Estimate data input and processing rates

The Session Recording Server is the central collection point for recorded session files. Each machine that is running a multi-session OS VDA with Session Recording enabled sends recorded session data to the Session Recording Server. Session Recording can handle high volumes of data and can tolerate bursts and faults, but there are physical limits on how much data any one server can handle.

Consider how much data you will be sending to each Session Recording Server and how quickly the servers can process and store this data. The rate at which your system can store incoming data must be higher than the data input rate.

To estimate your data input rate, multiply the number of sessions recorded by the average size of each recorded session and divide by the time for which you are recording sessions. For example, you might record 5,000 Microsoft Outlook sessions of 20 MB each over an 8-hour work day. In this case, the data input rate is approximately 3.5 Mbps. (5,000 sessions times 20 MB divided by 8 hours, divided by 3,600 seconds per hour.) A typical Session Recording Server connected to a 100 Mbps LAN with sufficient disk space to store the recorded data is capable of processing data at around 5.0 Mbps based on the physical limits imposed by disk and network IOPS. This is the processing rate. In the example, the processing rate (5.0 Mbps) is higher than the input rate (3.5 Mbps), so recording the 5,000 Outlook sessions is feasible.

Note that the amount of data per session varies greatly depending on what is being recorded, while other factors such as the screen resolution, color depth, and graphics mode also have impacts. A session running a CAD package where graphics activity is constantly high likely generates a much larger recording than a session in which the end user sends and receives emails in Microsoft Outlook. Therefore, recording the same number of CAD sessions can generate an extremely high input rate and require the use of more Session Recording Servers.

Bursts and faults

The previous example assumes a very simple uniform throughput of data but does not explain how the system deals with short periods of higher activity, known as bursts.
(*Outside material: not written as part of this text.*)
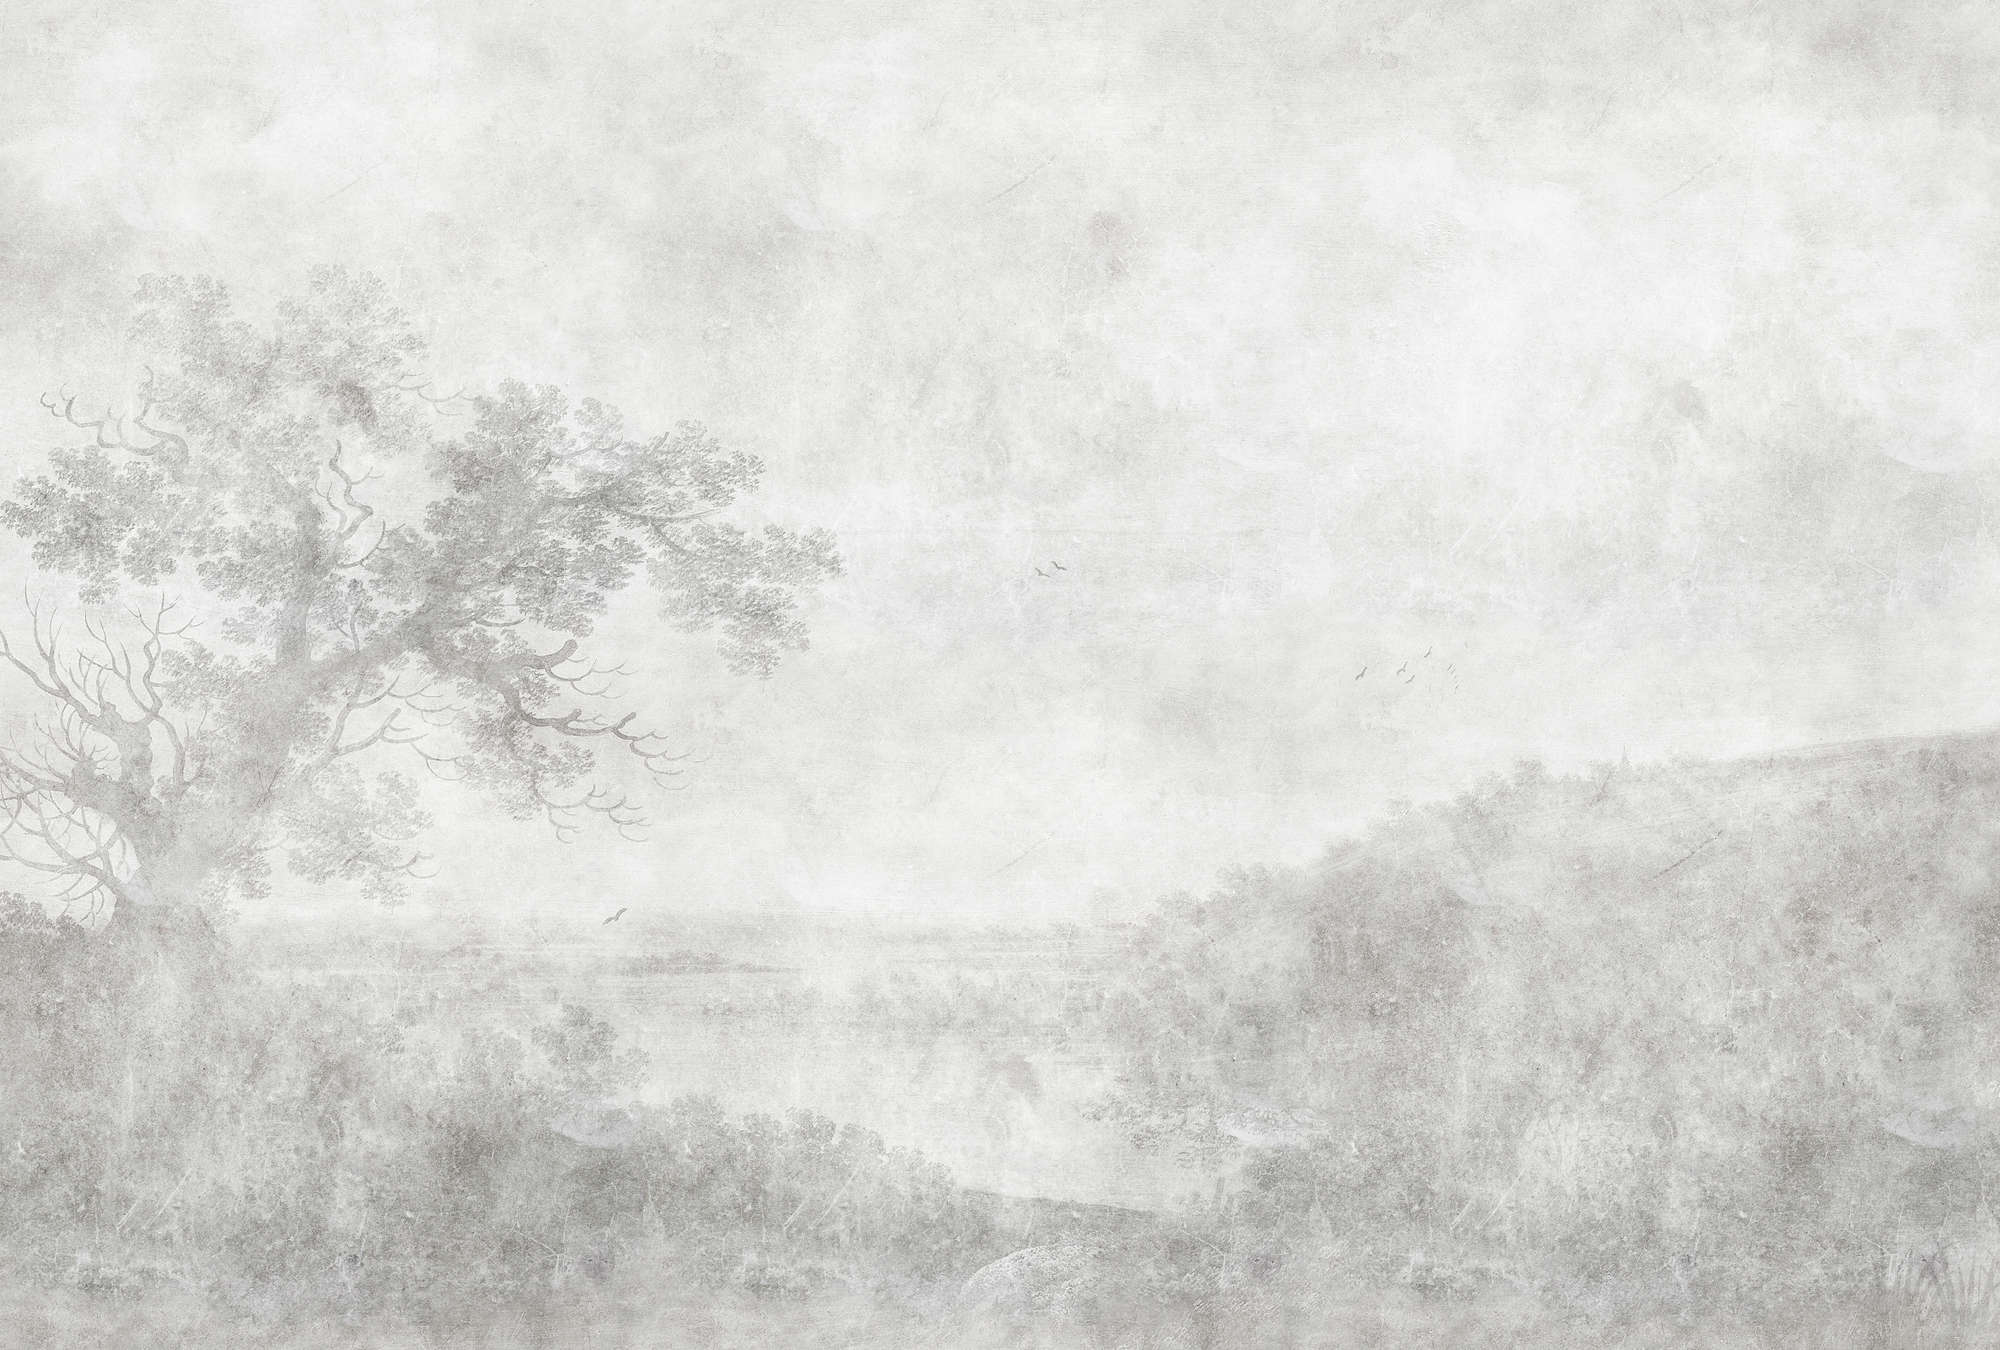             Romantic River 2 - Carta da parati in bianco e nero con dipinti d'epoca

A burst might occur when all users log on at the same time in the morning, known as the 9 o’clock rush, or when they receive the same email in their Outlook inbox at once. The 5.0 Mbps processing rate of the Session Recording Server is highly inadequate at dealing with this sudden demand.
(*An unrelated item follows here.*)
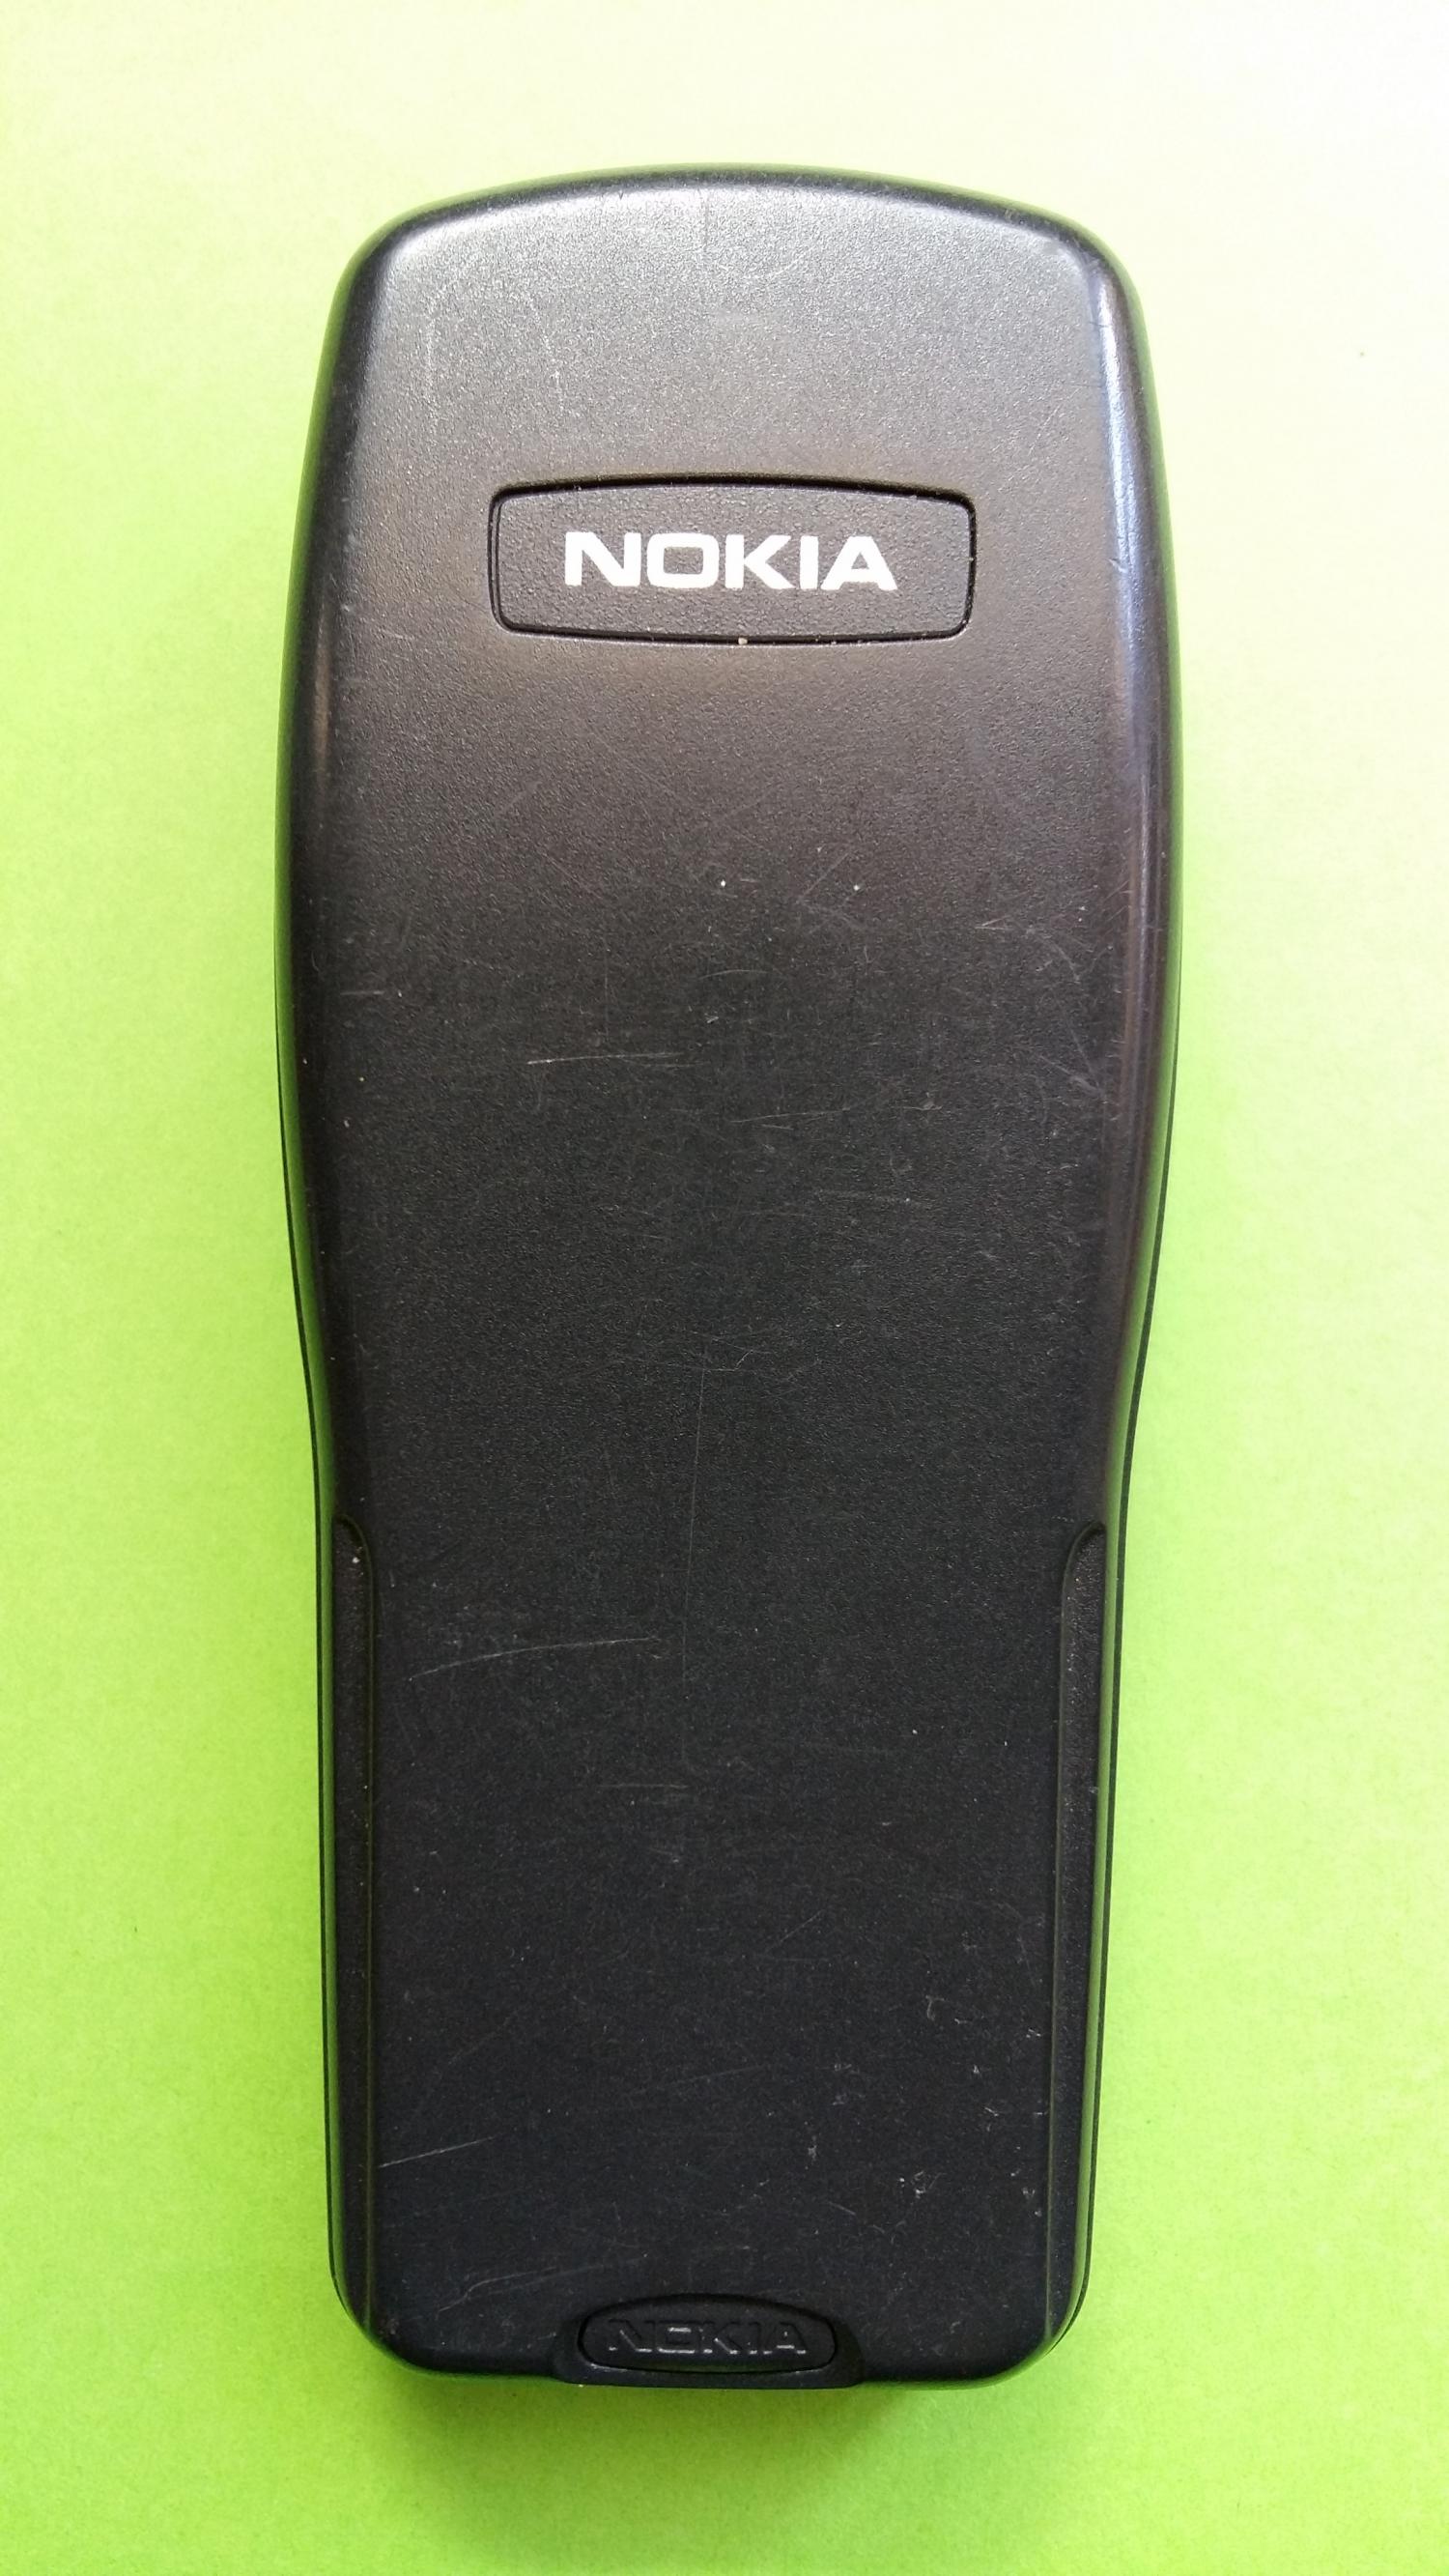 image-7305530-Nokia 3210 (2)2.jpg

The Session Recording Agent running on each VDA uses Microsoft Message Queuing (MSMQ) to send recorded data to the Storage Manager running on the central Session Recording Server. The data is sent in a store-and-forward manner similar to how an email is delivered between the sender, mail server, and the receiver. If the Session Recording Server or the network cannot handle the high rate of data in a burst, the recorded session data is temporarily stored until the backlog of data messages is cleared. The data message might be temporarily stored in the outgoing queue on the VDA if the network is congested, or stored on the Session Recording Server’s receiving queue if the data has traversed the network but the Storage Manager is still busy processing other messages.
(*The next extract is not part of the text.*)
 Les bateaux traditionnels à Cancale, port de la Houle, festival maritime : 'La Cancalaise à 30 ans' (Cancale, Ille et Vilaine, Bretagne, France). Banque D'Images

MSMQ also serves as a fault tolerance mechanism. If the Session Recording Server goes down or the link is broken, recorded data is held in the outgoing queue on each VDA. When the fault is rectified, all queued data is sent together. The use of MSMQ also allows you to take a Session Recording Server offline for upgrade or maintenance without interrupting the recording of existing sessions and losing data.

The main limitation of MSMQ is that disk space for the temporary storage of data messages is finite. This limits how long a burst, fault, or maintenance event can last before data is eventually lost. The overall system can continue after data loss, but in this situation, individual recordings have chunks of data missing. A file with missing data is still playable but only up to the point where data was first lost. Note the following:

  • Adding more disk space to each server, especially the Session Recording Server, and making it available to MSMQ can increase the tolerance to bursts and faults.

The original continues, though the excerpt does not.